AttackGNN: Red-Teaming GNNs in Hardware Security Using Reinforcement Learning
Vasudev Gohil, Satwik Patnaik, Dileep Kalathil, Jeyavijayan Rajendran
TL;DR
AttackGNN tackles the problem of evaluating GNN-based hardware-security techniques under adversarial manipulation. It formulates the adversarial circuit perturbation problem as a reinforcement-learning task that preserves circuit functionality, using a novel set of synthesis-tool-agnostic actions and sparse rewards. A contextual MDP enables a single RL agent to attack multiple GNNs across IP piracy, HT detection/localization, reverse engineering, and obfuscation, achieving successful misclassification in all tested cases and across real-world benchmarks. The work underscores the need for robust defenses of ML-based hardware security tools and demonstrates practical implications, such as false positives in IP piracy detectors and potential leakage of secret keys via HTs, while offering a scalable framework for red-teaming such systems.
Abstract
Machine learning has shown great promise in addressing several critical hardware security problems. In particular, researchers have developed novel graph neural network (GNN)-based techniques for detecting intellectual property (IP) piracy, detecting hardware Trojans (HTs), and reverse engineering circuits, to name a few. These techniques have demonstrated outstanding accuracy and have received much attention in the community. However, since these techniques are used for security applications, it is imperative to evaluate them thoroughly and ensure they are robust and do not compromise the security of integrated circuits. In this work, we propose AttackGNN, the first red-team attack on GNN-based techniques in hardware security. To this end, we devise a novel reinforcement learning (RL) agent that generates adversarial examples, i.e., circuits, against the GNN-based techniques. We overcome three challenges related to effectiveness, scalability, and generality to devise a potent RL agent.
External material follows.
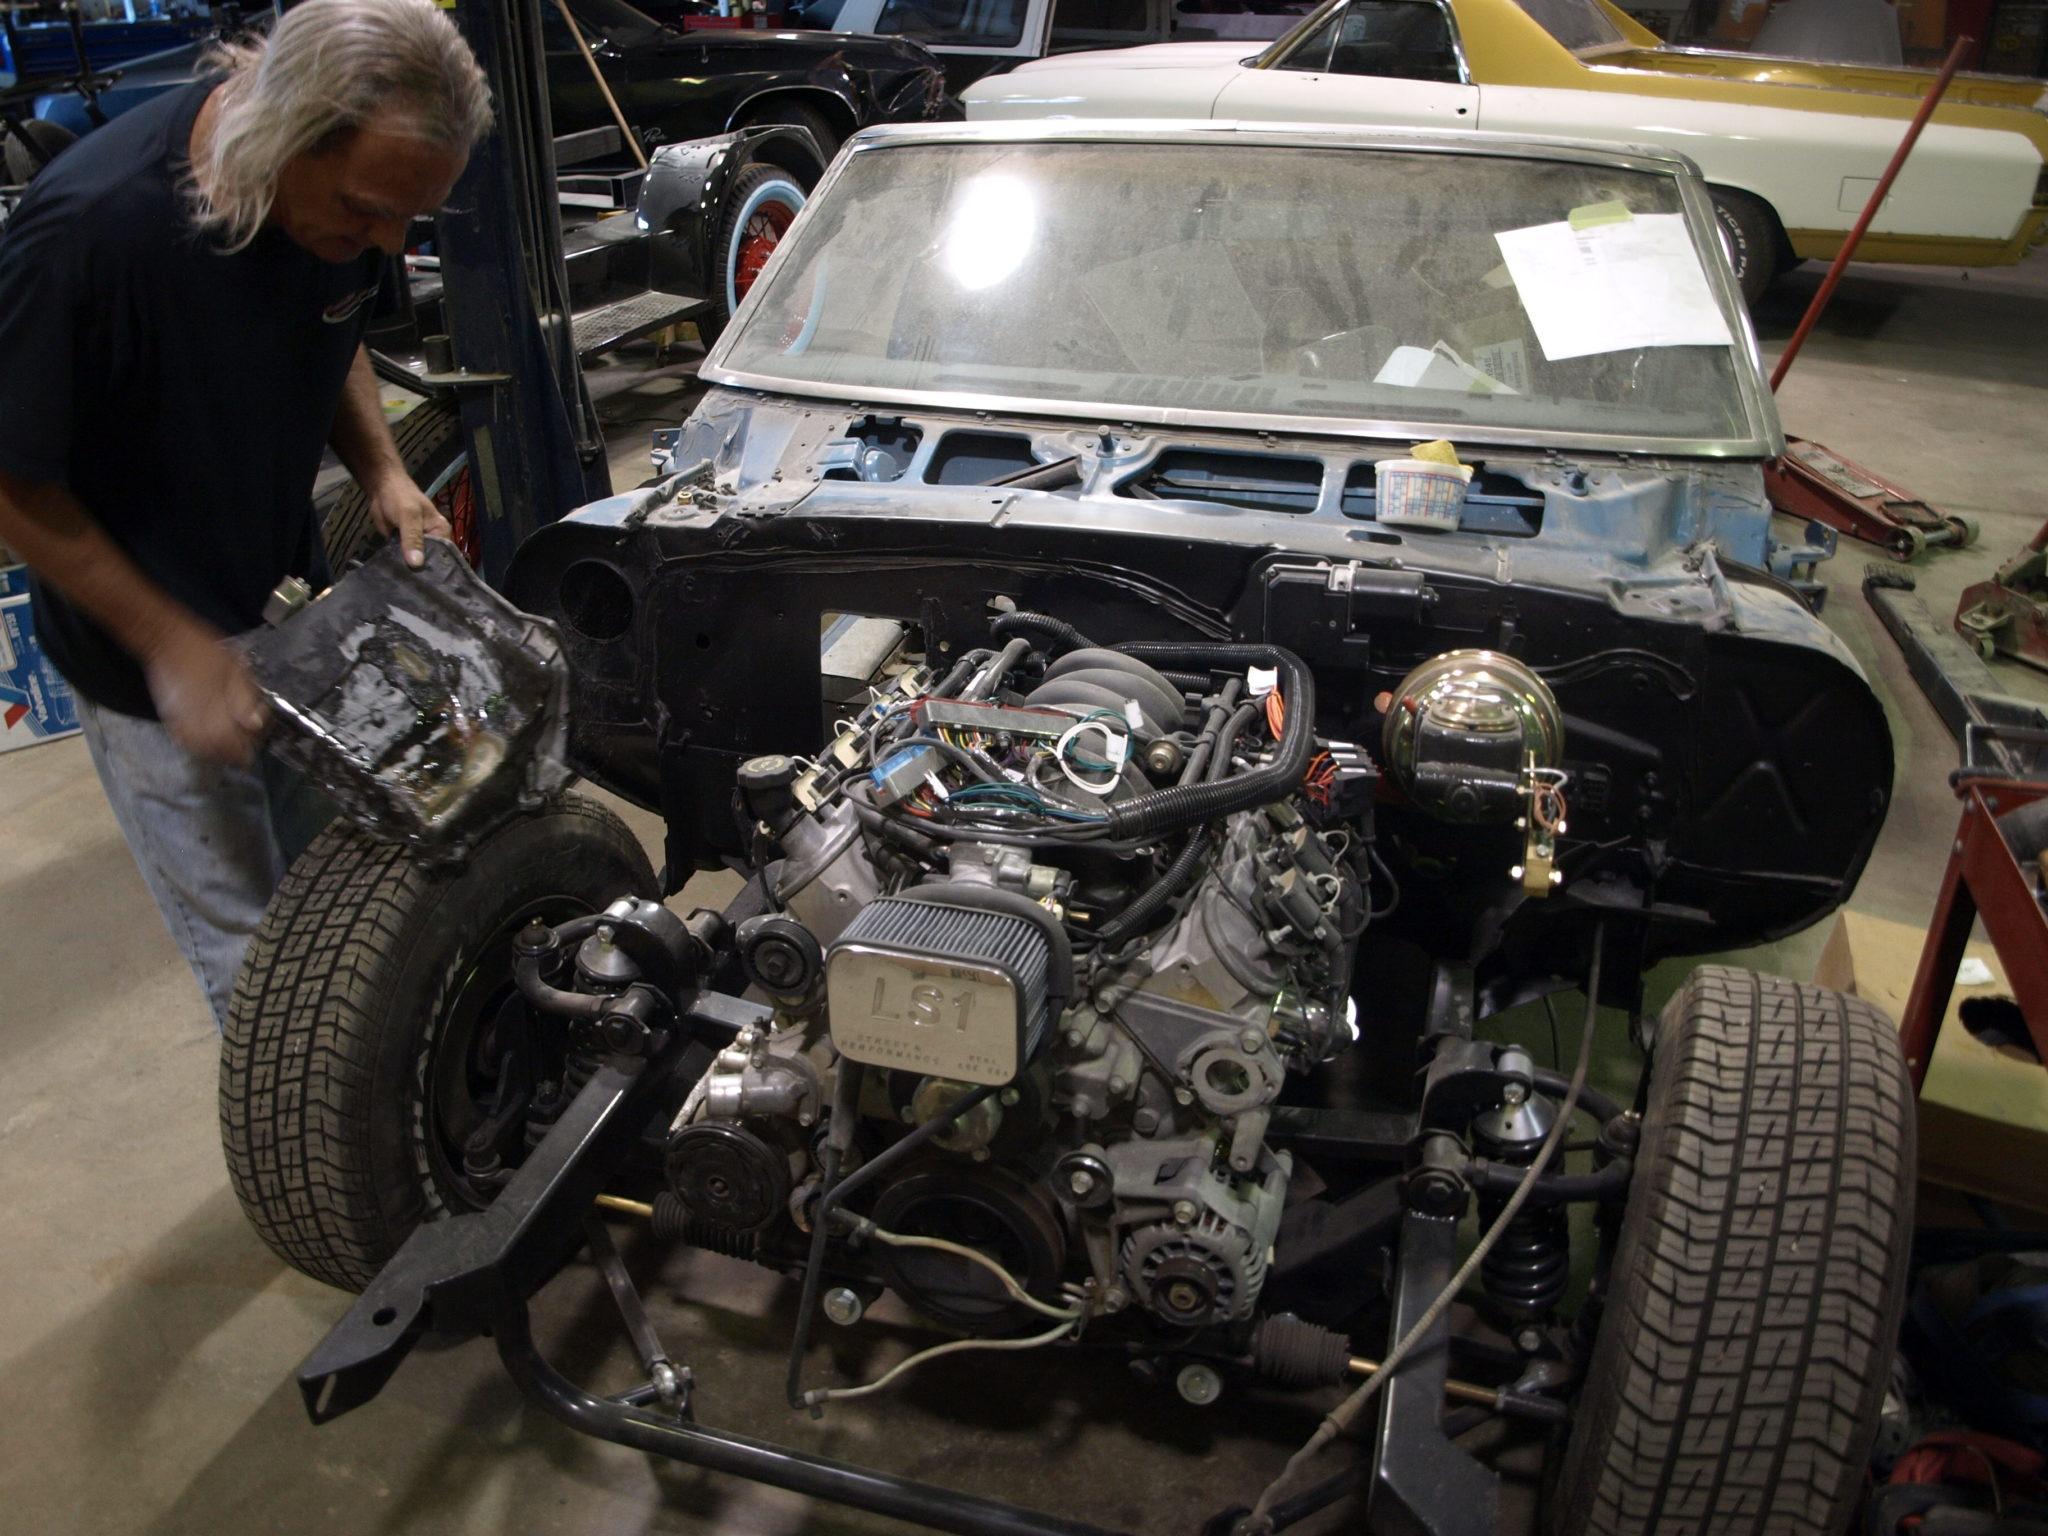 P7127050 1967 chevy camaro precision car restoration 1967 camaro fuse box at gsmx.co

We target five GNN-based techniques for four crucial classes of problems in hardware security: IP piracy, detecting/localizing HTs, reverse engineering, and hardware obfuscation. Through our approach, we craft circuits that fool all GNNs considered in this work. For instance, to evade IP piracy detection, we generate adversarial pirated circuits that fool the GNN-based defense into classifying our crafted circuits as not pirated. For attacking HT localization GNN, our attack generates HT-infested circuits that fool the defense on all tested circuits. We obtain a similar 100% success rate against GNNs for all classes of problems.